En tren de recordar revoluciones masivas aparece en la memoria cercana la imagen de los Angry Birds. Esos simpáticos pajaritos enojados que uno podía disparar con una gomera contra cubos… Entre 2009 y 2011 su creador era una especie de estrella de rock paseándose por el mundo, de conferencia en conferencia, relatando con excitación los pormenores de su creación. ¿Alguien se acuerda de él? Bueno, se llama Peter Vesterbacka, y en una entrevista con la nacion, publicada el 8 de septiembre de 2012, decía: “Fue una de las primeras experiencias agradables de juegos en dispositivos táctiles. Y nuestro marketing es realmente muy bueno”. Al año siguiente de esa entrevista Angry Birds comenzó a apagarse en el play store.

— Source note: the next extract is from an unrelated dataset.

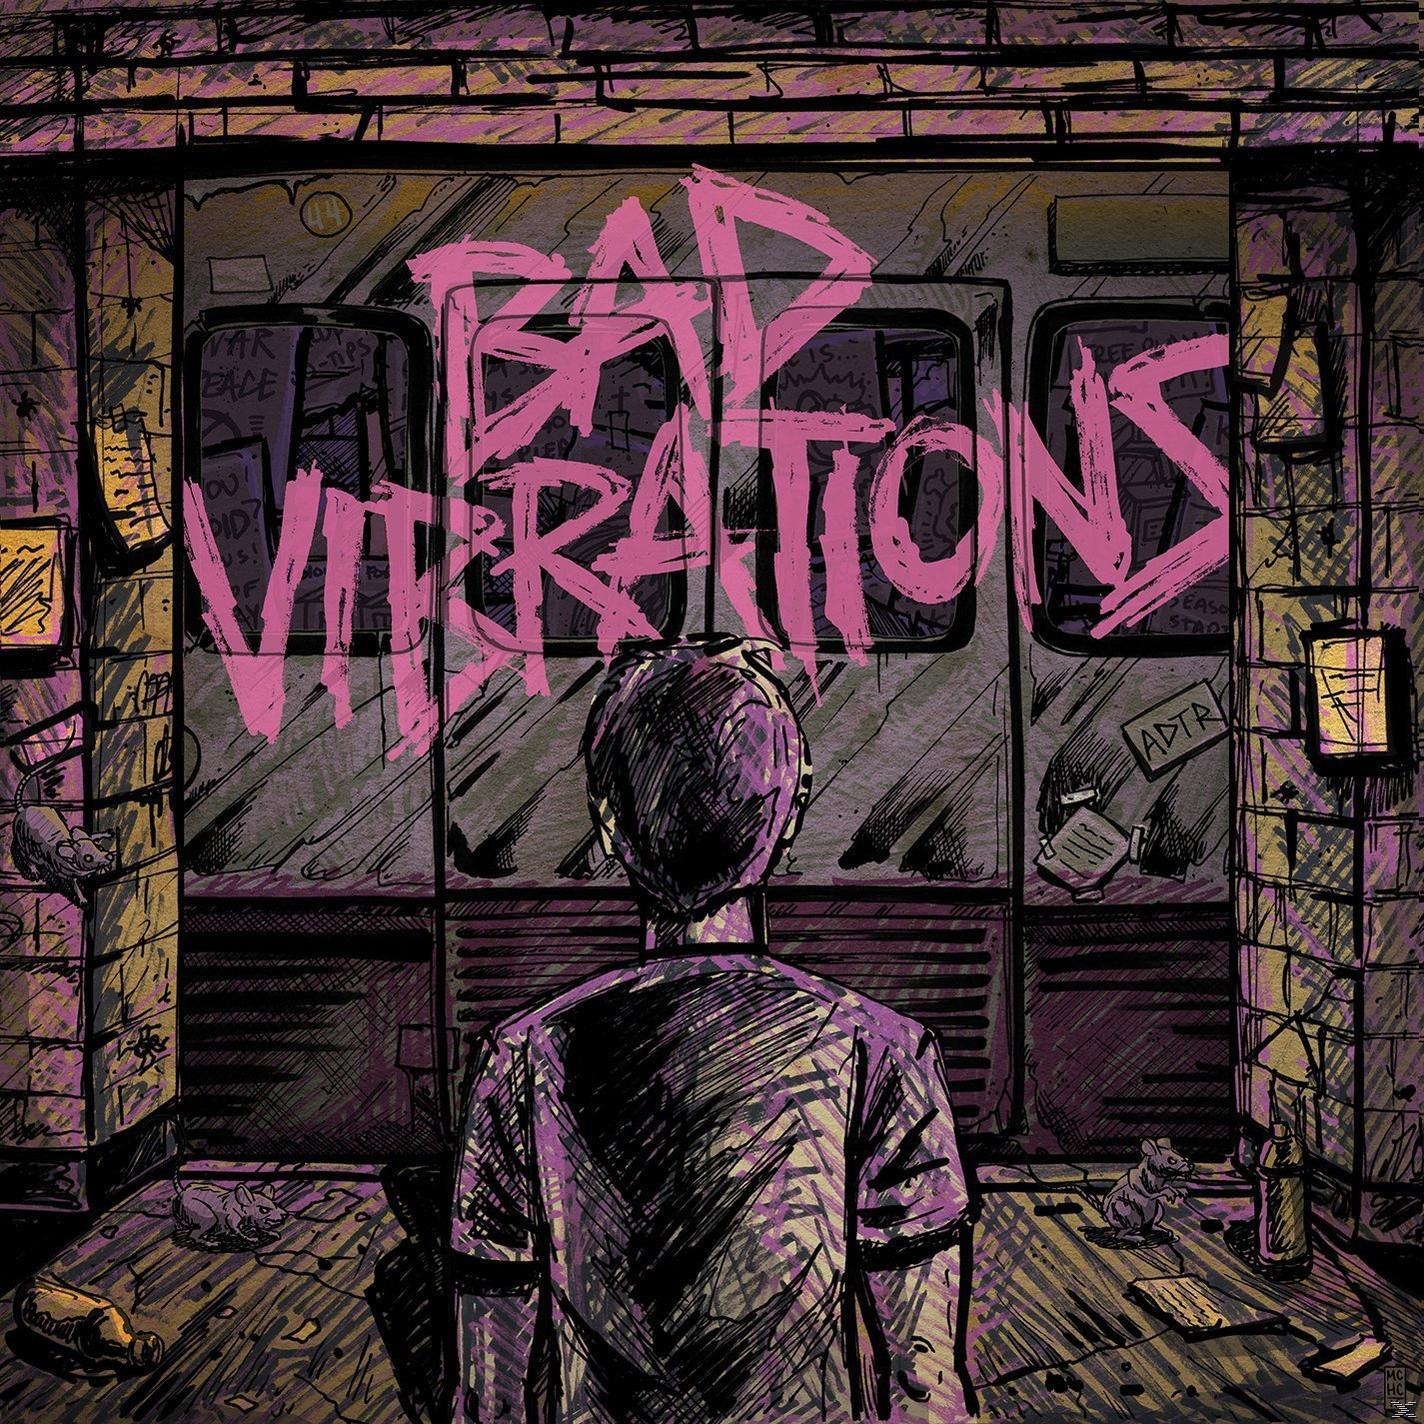 - To Edition (CD) Bad - Vibrations-Deluxe A Day Remember
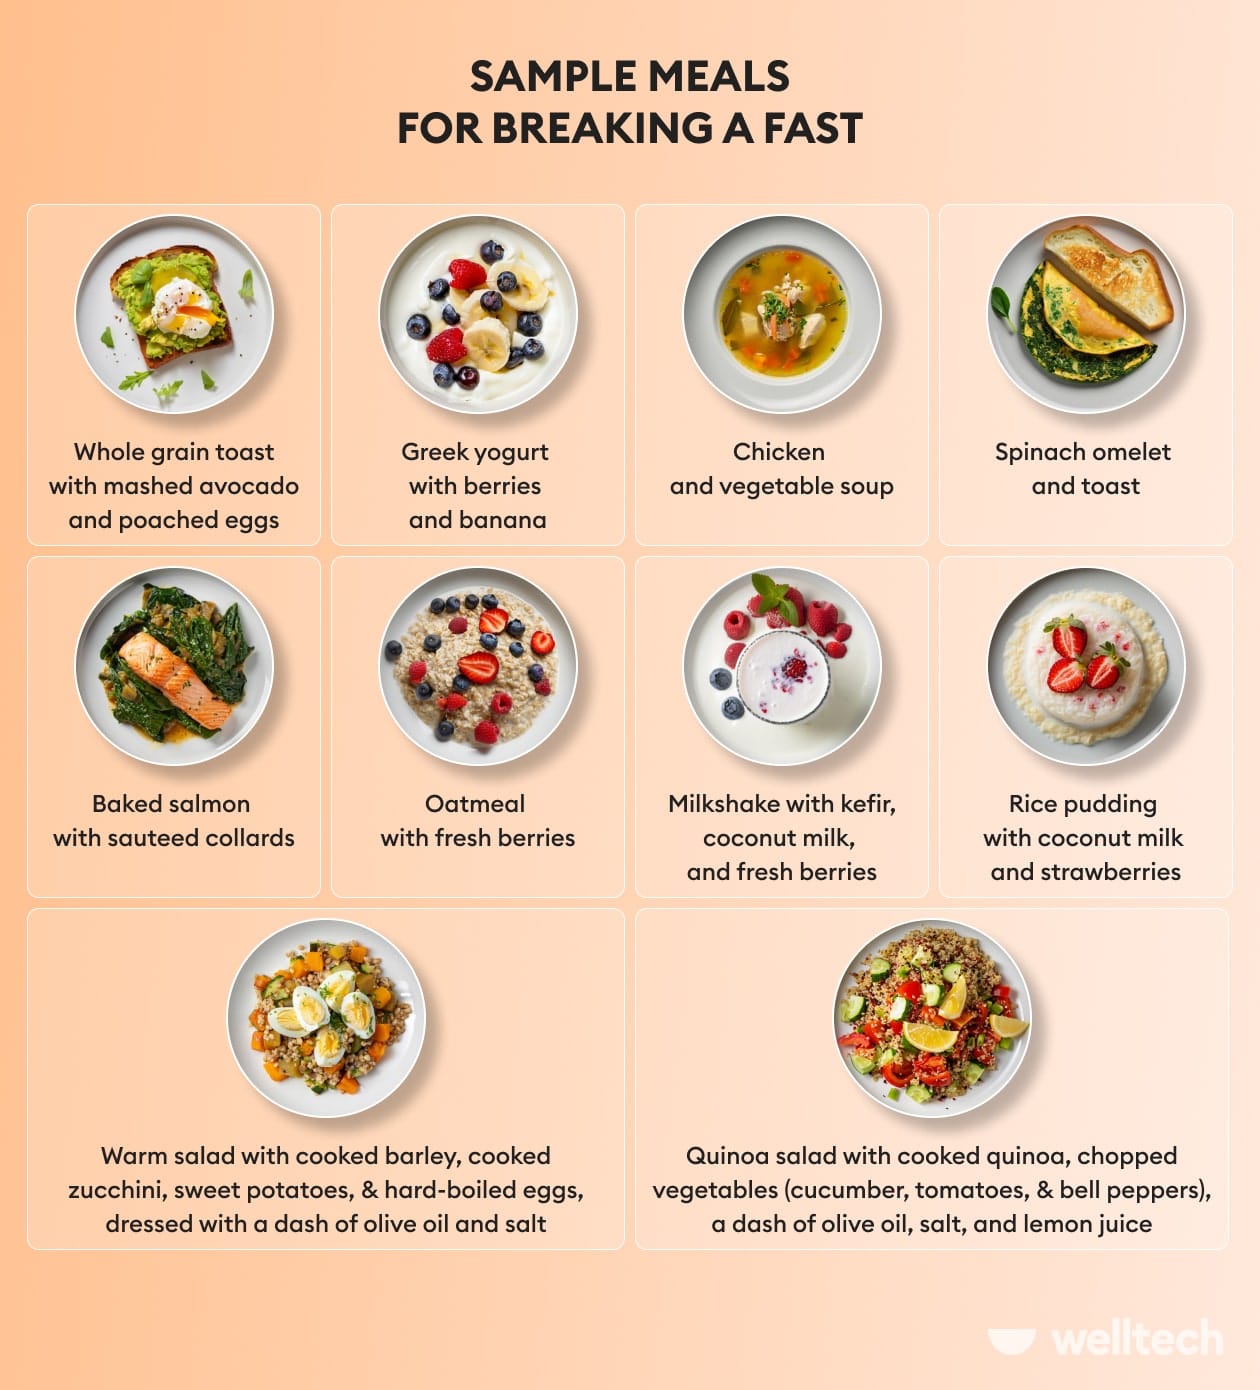 sample meals to break a fast with, with images and names, foods to avoid when breaking a fast

Hay excepciones. En eso pensaba mientras cruzaba la calle hacia el kiosco a comprar el album de figuritas del Mundial. Coleccionar cartoncitos con el nombre de un jugador debajo, al parecer, sigue siendo insuperable. “Es épico”, me responden los chicos a quienes deslizo mi curiosidad sobre la vigencia de este entretenimiento arcaico. Recordé inmediatamente aquella pelota que gané cuando llené el album de un campeonato en mi niñez setentosa. Y se me dibujó una sonrisa irónica: Angry Birds nunca tuvo tanta “épica”.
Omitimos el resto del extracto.